Why privacy-first, camera-free sensing matters
Cameras can provide detailed data, but they raise privacy, legal, and cultural concerns. Camera-free sensing avoids image capture while still measuring presence and movement, aligning better with workplace privacy expectations and emerging regulations.
- Protects individual privacy by not capturing identifiable images or video.
- Simplifies compliance with privacy laws such as GDPR and CCPA and with internal policies.
- Increases employee trust and adoption of workplace analytics.
- Reduces legal and operational risk tied to storing sensitive visual data.
What camera-free sensing technologies are common
Camera-free sensing covers several hardware and algorithmic approaches that provide presence and occupancy signals without visual imaging.
- Thermal sensing: Detects heat signatures to infer presence and movement without producing an identifiable image.

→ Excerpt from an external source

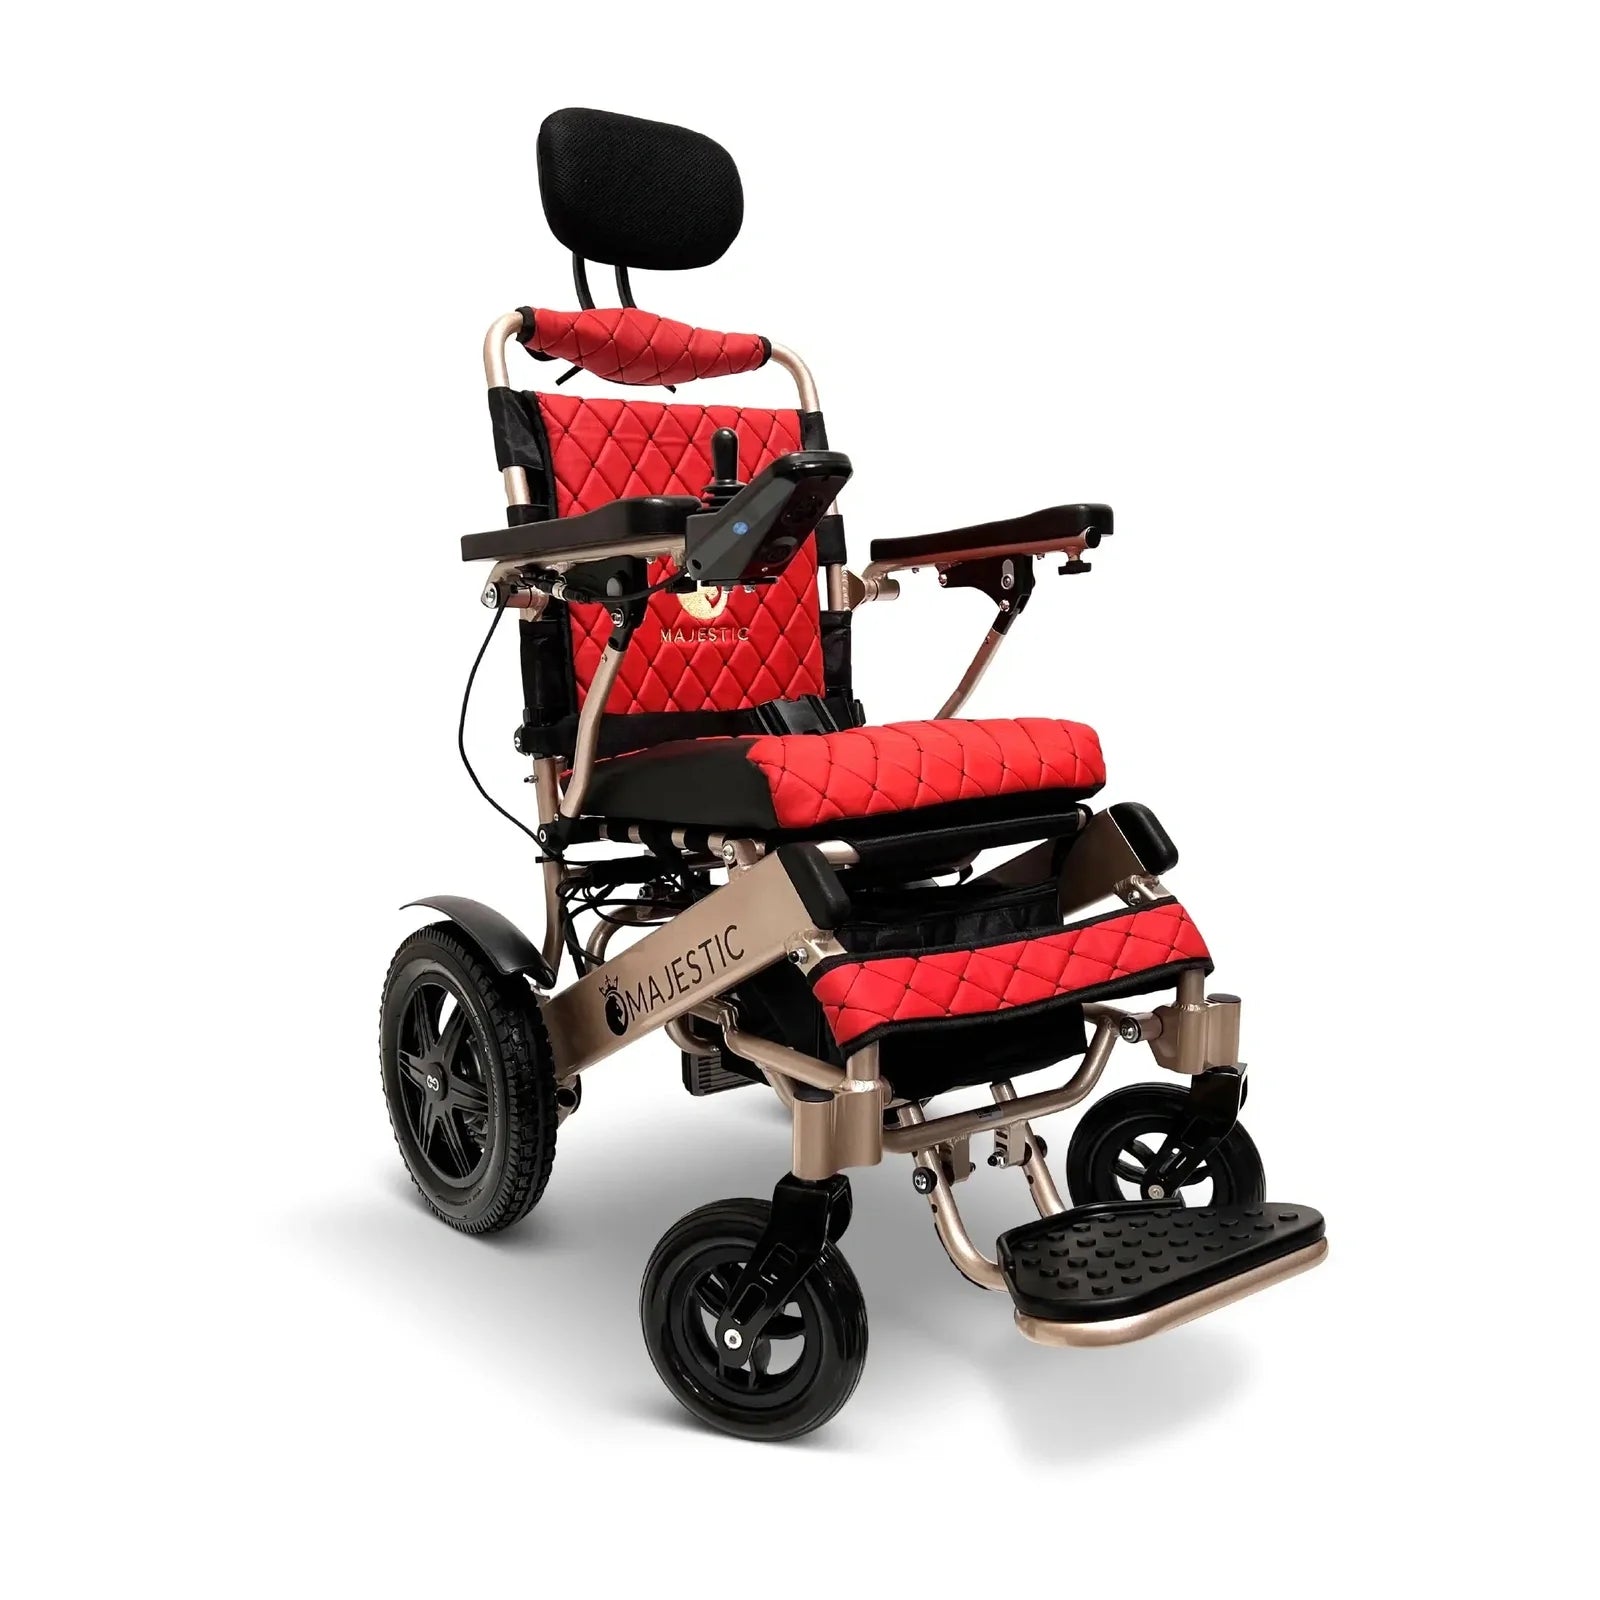 ComfyGO Majestic IQ-9000 Long Range Remote Controlled Folding Reclining Electric Wheelchair Power Wheelchairs ComfyGO Bronze Red Auto Reclining

- Passive infrared (PIR): Senses motion by detecting changes in infrared energy.
- CO2 sensing: Measures carbon dioxide as a proxy for human presence and occupancy density.
- Wi-Fi, BLE, and UWB sensing: Uses device signals to estimate counts and location without video.
- Edge processing: Performs data processing locally on the sensor to improve privacy and reduce bandwidth.
Each approach has trade-offs in granularity, latency, and environmental sensitivity; thermal sensing combined with AI often balances accuracy and privacy for office use cases.